In response to these alarming findings, MPs have urged the Department for Education to commit to a clear target: reducing the number of children in unregistered homes to zero by the end of 2027. The report, published on Friday 16 January 2026, frames the situation as a systemic failure that leaves society's most vulnerable exposed to potential harm.

The core issue highlighted is the absence of proper safeguards. Without formal registration and inspection, there is no guarantee that these homes provide adequate care, protection, or a loving environment. The committee's investigation suggests the system is fundamentally broken, allowing a high-cost, high-risk alternative to operate with little accountability.

Broken System, Vulnerable Lives

The findings place renewed scrutiny on the state of children's social care in England. The placement of hundreds of children in illegal or unregistered settings for months on end points to a deep-seated crisis in capacity and regulation. The PAC's report serves as a direct challenge to ministers and officials to fix what it describes as a failing infrastructure.
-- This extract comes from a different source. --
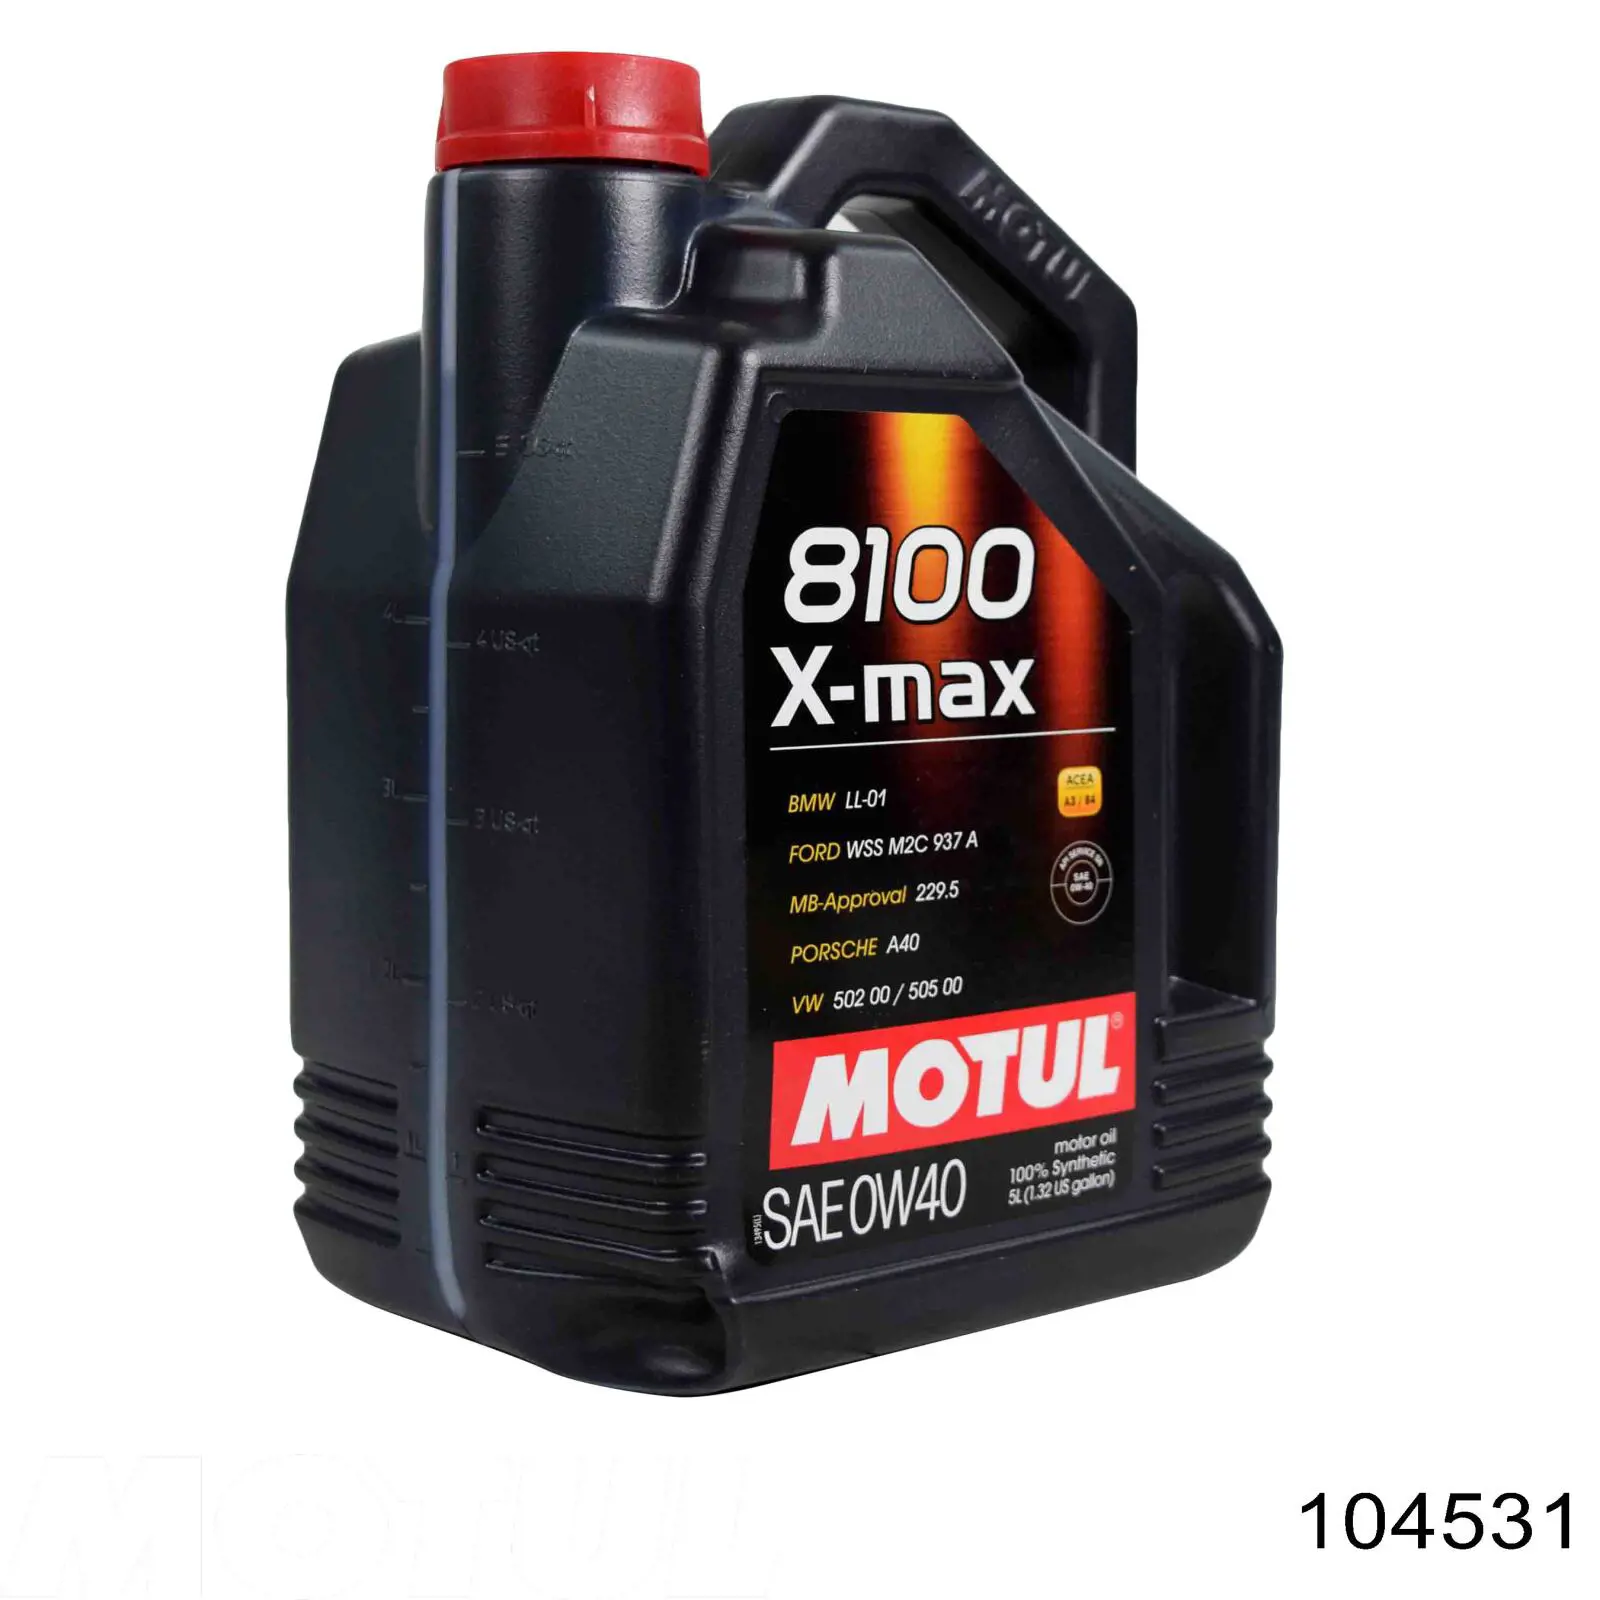 Motul 8100 X-max Sintético 1 L (104531)

The situation underscores the urgent need for:

  • Accelerated processes for registering new care homes.
  • Increased capacity within the regulated care sector.
  • Stricter enforcement against illegal operators.
  • Transparent oversight to ensure every child in care is safe.

With the 2027 deadline now set by MPs, pressure is mounting on the government to transform a system currently deemed unfit for purpose and to ensure no child is left in a care setting that operates outside the law.